The size and texture of Fe-rich phases of Al–9Si–1.2Cu–0.4Mg (0 wt%–0.9 wt% Zn) in as-cast conditions as determined by SEM are displayed in Figure 4e–h. For the base alloy (Figure 4e) and 0.3 wt% Zn modified alloys (Figure 4f), the acicular β-Al5FeSi was the main form of Fe-rich phases (red arrows), but the size of β-Al5FeSi in the base alloy was larger than that in the 0.3 wt% Zn modified alloy. Compared with the base alloy and the 0.3 wt% Zn modified alloys, the Chinese π-Fe was the main form of Fe-rich phases (yellow arrows) in the 0.6 wt% Zn modified (Figure 4g) and 0.9 wt% Zn modified (Figure 4h) alloys. However, the size of π-Fe in the 0.9 wt% Zn modified alloy was larger than that in the 0.6 wt% Zn modified alloy.

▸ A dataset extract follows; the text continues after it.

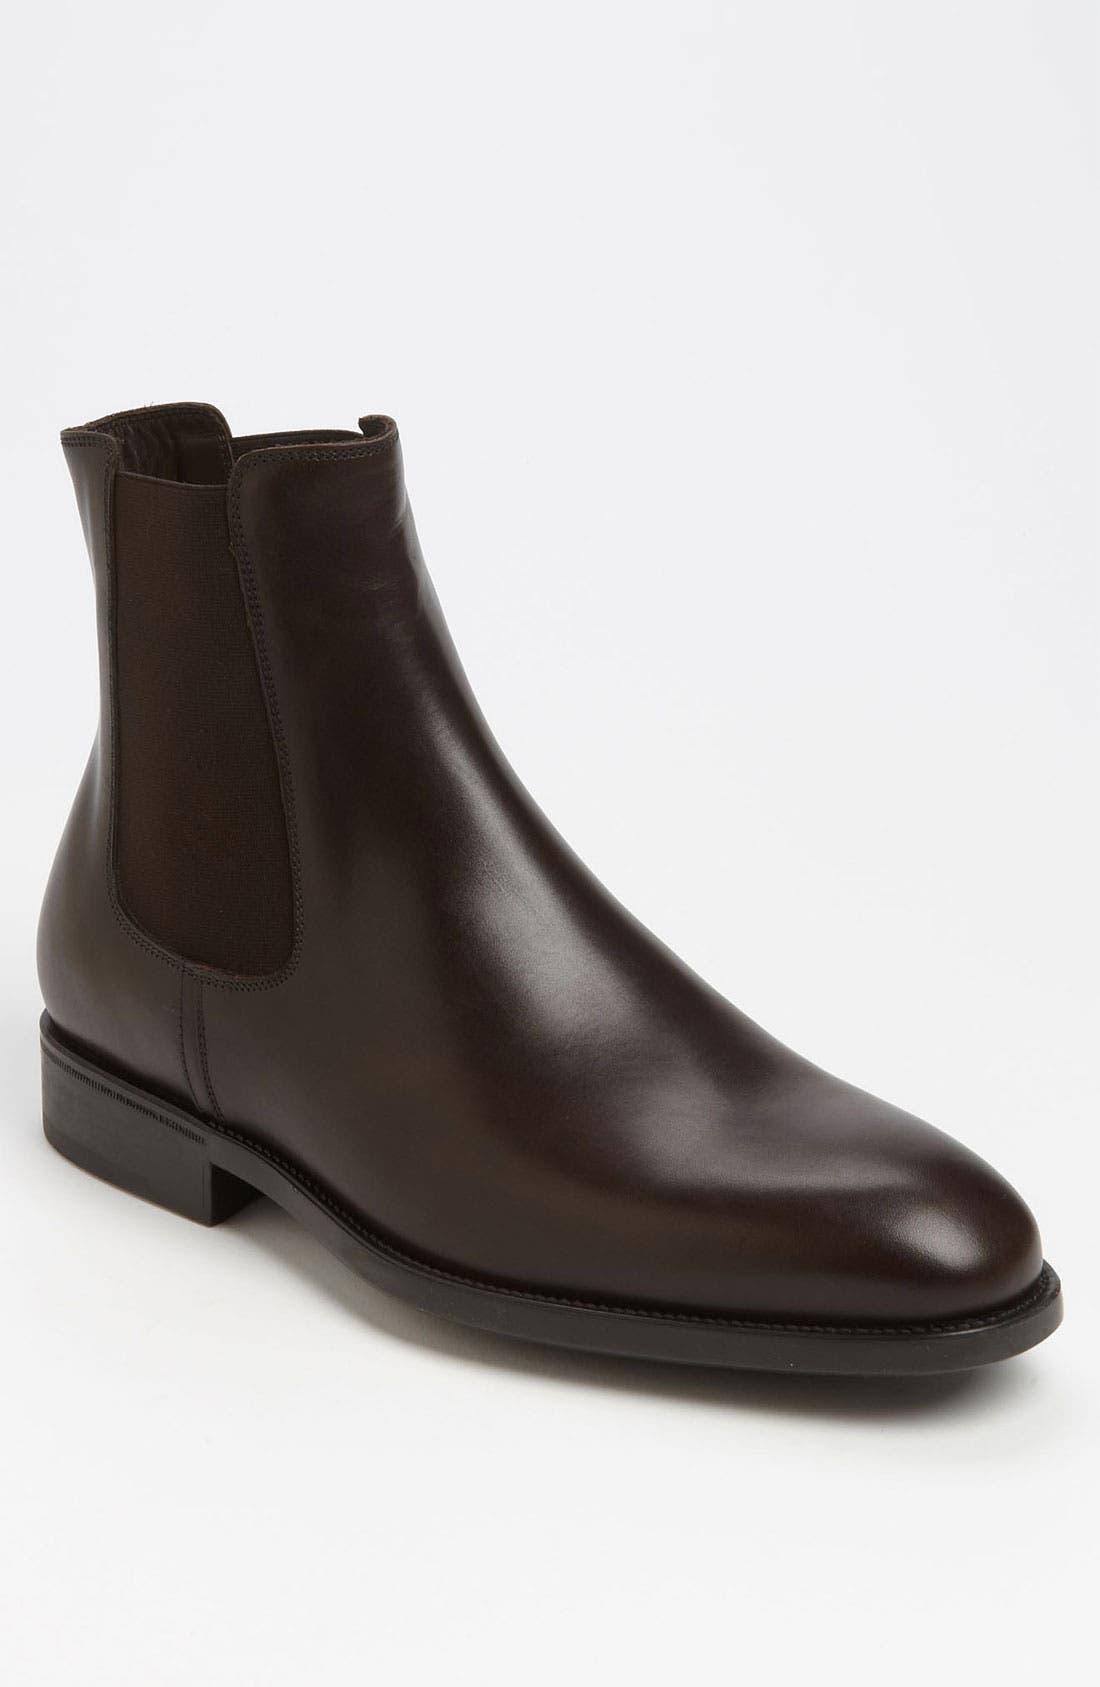 Alternate Image 1 Selected - Salvatore Ferragamo 'Arden' Chelsea Boot
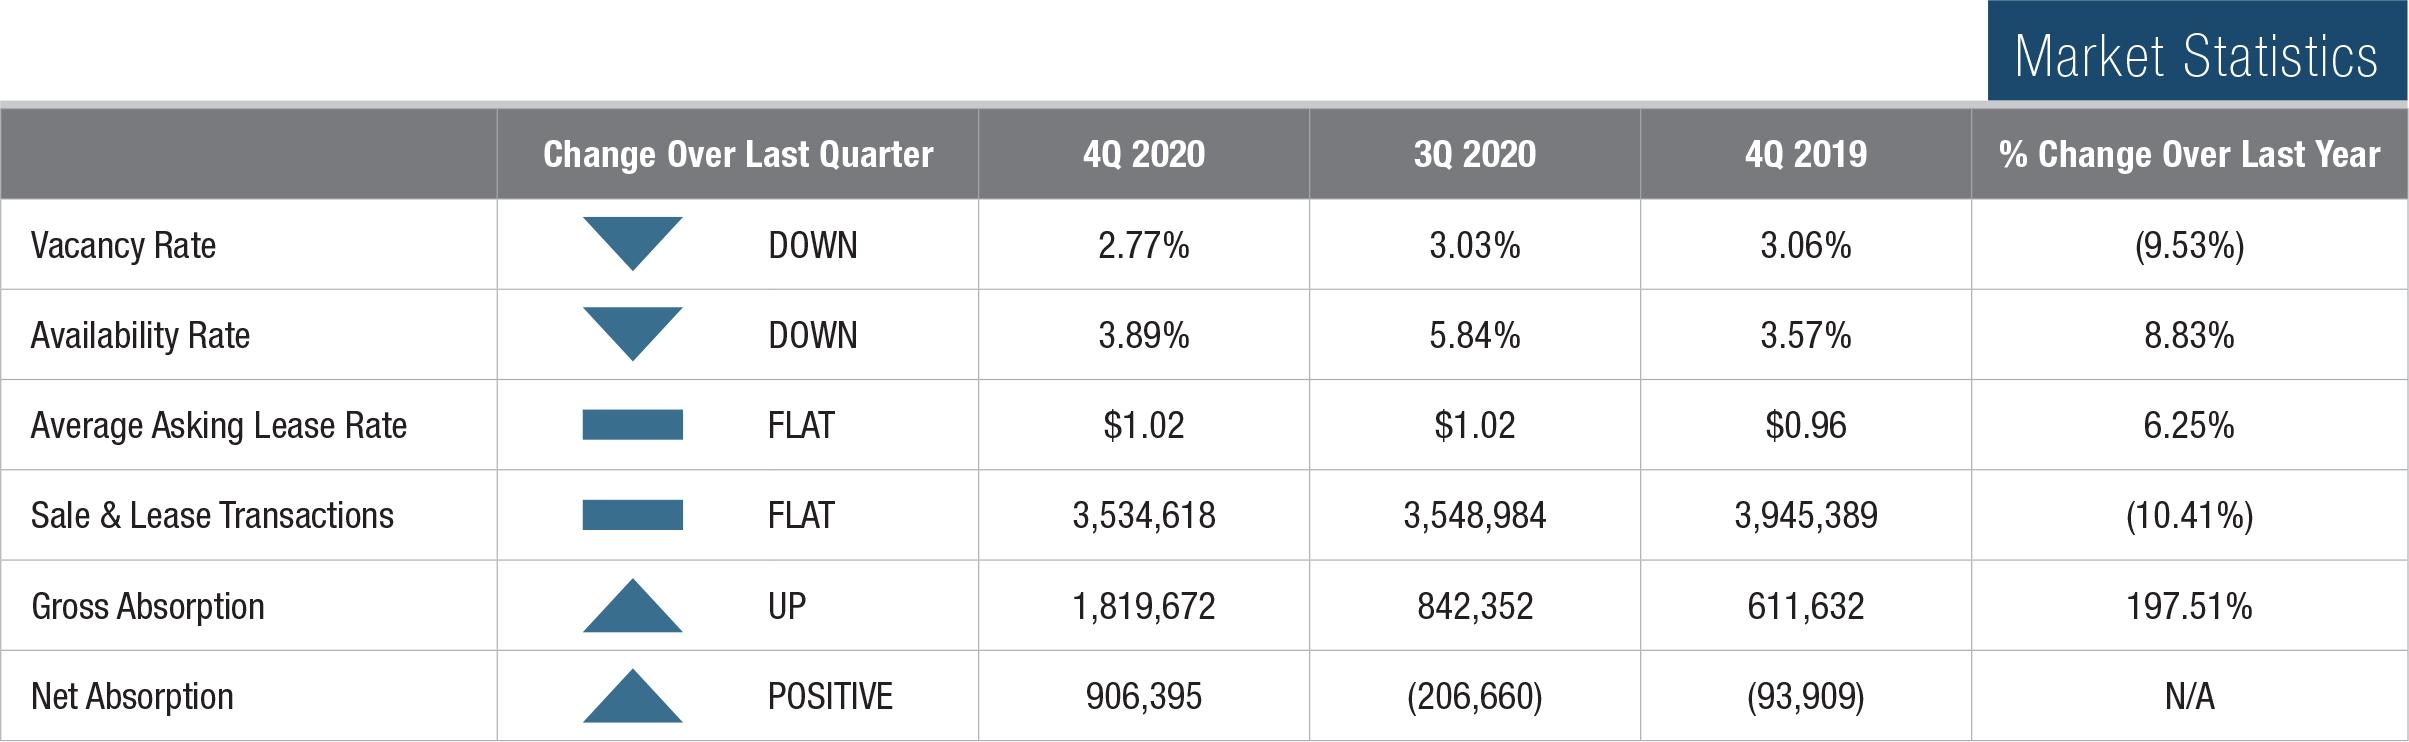 4Q 2020 Market Statistics

The modification of insoluble phases (eutectic Si and β-Al5FeSi) by Zn could be attributed to the reaction of eutectic Zn–Si (419.58 °C) [30]. For the insoluble phases, both the eutectic Si and β-Al5FeSi phases had growth tendencies on the {111}Si planes [17]. However, Zn atoms tended to segregate on the {111}Si planes during solidification [31]. The enrichment of Zn atoms on the {111}Si planes resulted in the continuous reaction of Si atoms in the insoluble phases (eutectic Si and β-Al5FeSi) with Zn atoms and forced Si atoms into eutectic droplets. The reaction of eutectic Zn–Si limited the growing trend of eutectic Si and β-Al5FeSi on {111}Si planes, which limited the growth of insoluble phases. As opposed to the single type of eutectic Si, Fe-rich phases have multiple textures. When the growth of the β-Al5FeSi phase is limited, the redundant Fe atoms prefer to form a π-Fe phase with Mg atoms. When 0.3 wt% Zn was added, the low amount of Zn atoms made it difficult for them to fully react with the Si atoms in the insoluble phases, which resulted in the size of the fibrous eutectic Si being only partly refined; thus, the β-Fe phase could not be modified to the π-Fe phase. When 0.6 wt% Zn was added, the moderate amount of Zn atoms was segregated on the {111}Si planes, resulting in the full reaction of eutectic Zn–Si. Thus, the size of the fibrous eutectic Si was fully refined, and the acicular β-Fe was modified to the Chinese π-Fe phase. When 0.9 wt% Zn was added, the excess Zn atoms became the transport solvent of Si atoms between the insoluble phases. Due to the small spacing between the insoluble phases, especially the eutectic Si particles, multiple insoluble phases were gathered together during solidification. This was also the reason why the size of the eutectic Si and π-Fe phase was increased by the addition of 0.9 wt% Zn.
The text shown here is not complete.